I am confused about the hashtable in unordered containers... or at least in sets.
So, I thought it would work like this:
I hash my object. I calculate the modulo of object and vector lengths (hash%vectorlength) and use that as the index for the pointer to my object in the hash table.. which is a vector as far as I know...
so for a naive hash function that returns for a int wrapper just the int member's value it would look like this:
hash table:
vector index: [0, 1, 2, 3, 4]
| | | | |
object with value...: 0 1 2 3 4
I wrote a program to test that:
#include <iostream>
#include <unordered_set>
struct Obj
{
public:
Obj(int i)
{
mem = i;
}
friend bool operator==(const Obj& o1, const Obj& o2)
{
return (o1.mem == o2.mem);
}
friend std::ostream& operator<<(std::ostream& o, const Obj& obj)
{
o << obj.mem;
return o;
}
int mem;
};
namespace std
{
template<>
struct hash<Obj>
{
size_t operator()(const Obj& r) const
{
size_t hash = r.mem;
return hash;
}
};
}
int main()
{
std::unordered_set<Obj> map;
for (int i = 0; i < 5; ++i)
{
map.insert(Obj(i));
}
for(auto it = map.begin(); it != map.end(); ++it)
{
std::cout << (*it) << std::endl;
}
}
I expected the output
0
1
2
3
4
but I got:
4
3
2
1
0
Why is that?
While it's true the Standard Library implementations can do whatever they like, it's also interesting to see where your assumptions - and those expressed in several comments - correspond with an actual implementation.
I could reproduce your non "0 1 2 3 4" result with GCC, though only by adding a map.reserve(6) or more (weirdly, 5 produced "4 0 1 2 3").
The details below simply explain the behaviour of the GCC version I looked at....
Digging for an explanation, I first sanity-checked whether the logical buckets contained the hash-function-implied content:
for (size_t i = 0; i < map.bucket_count(); ++i)
{
std::cout << '[' << i << ']';
for (auto it = map.begin(i); it != map.end(i); ++it)
std::cout << ' ' << *it;
std::cout << '\n';
}
And, indeed they did:
[0] 0
[1] 1
[2] 2
[3] 3
[4] 4
[5]
[6]
So, the comment suggesting that "the Standard Library is free to apply any invertible function on top of your hash function, and no guarantee whatsoever about ordering is given" - while true - is not what's happening here.
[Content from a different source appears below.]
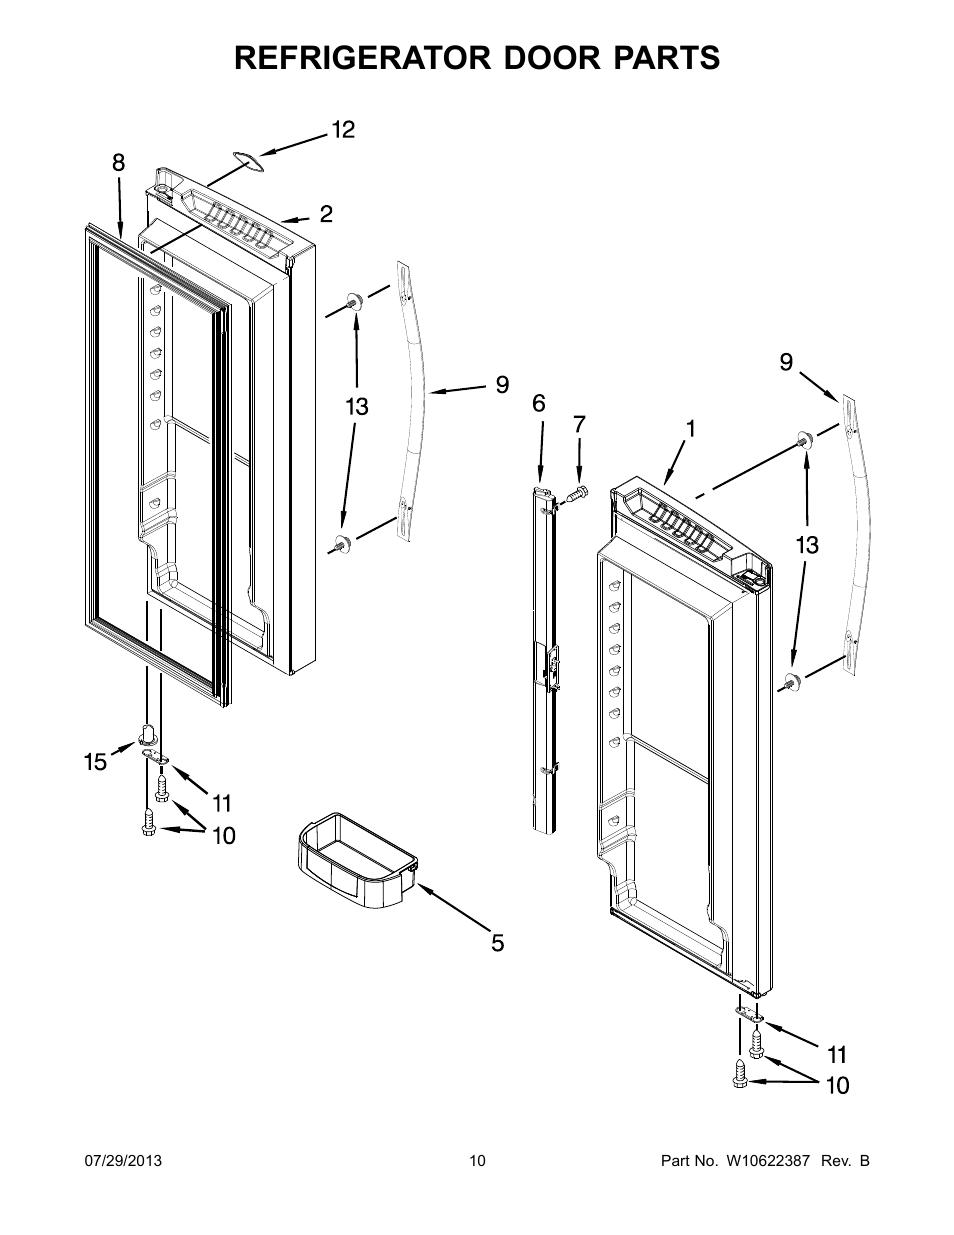 refrigerator door  refrigerator door parts whirlpool Whirlpool Refrigerator Parts Diagram whirlpool refrigerator parts manual

Digging into the Standard Library headers, I found the cause in bits/hashtable.h's documentation:
* Here's _Hashtable data structure, each _Hashtable has:
* - _Bucket[] _M_buckets
* - _Hash_node_base _M_before_begin
* - size_type _M_bucket_count
* - size_type _M_element_count
*
* with _Bucket being _Hash_node* and _Hash_node constaining:
* - _Hash_node* _M_next
* - Tp _M_value
* - size_t _M_code if cache_hash_code is true
*
* In terms of Standard containers the hastable is like the aggregation of:
* - std::forward_list<_Node> containing the elements
* - std::vector<std::forward_list<_Node>::iterator> representing the buckets
*
* The non-empty buckets contain the node before the first bucket node. This
* design allow to implement something like a std::forward_list::insert_after
* on container insertion and std::forward_list::erase_after on container
* erase calls. _M_before_begin is equivalent to
* std::foward_list::before_begin. Empty buckets are containing nullptr.
* Note that one of the non-empty bucket contains &_M_before_begin which is
* not a derefenrenceable node so the node pointers in buckets shall never be
* derefenrenced, only its next node can be.
*
* Walk through a bucket nodes require a check on the hash code to see if the
* node is still in the bucket. Such a design impose a quite efficient hash
* functor and is one of the reasons it is highly advise to set
* __cache_hash_code to true.
*
* The container iterators are simply built from nodes. This way incrementing
* the iterator is perfectly efficient independent of how many empty buckets
* there are in the container.
*
* On insert we compute element hash code and thanks to it find the bucket
* index. If the element must be inserted on an empty bucket we add it at the
* beginning of the singly linked list and make the bucket point to
* _M_before_begin. The bucket that used to point to _M_before_begin, if any,
* is updated to point to its new before begin node.
So, the hash table underpinning unordered_set is organised with values in a singly-linked list, and the buckets a vector of iterators into that list, rather than the commonly envisaged vector<forward_list<>>.
As you insert elements, they're going into the forward list at the front, and it's that list that you iterate when going from begin() to end(), without any involvement of the vector of iterators whose ordering corresponds to the hash values.
Code here illustrates how iteration returns the values in inverse order of insertion, irrespective of hashes / collisions - as long as enough space is reserve()d up-front to avoid rehashing.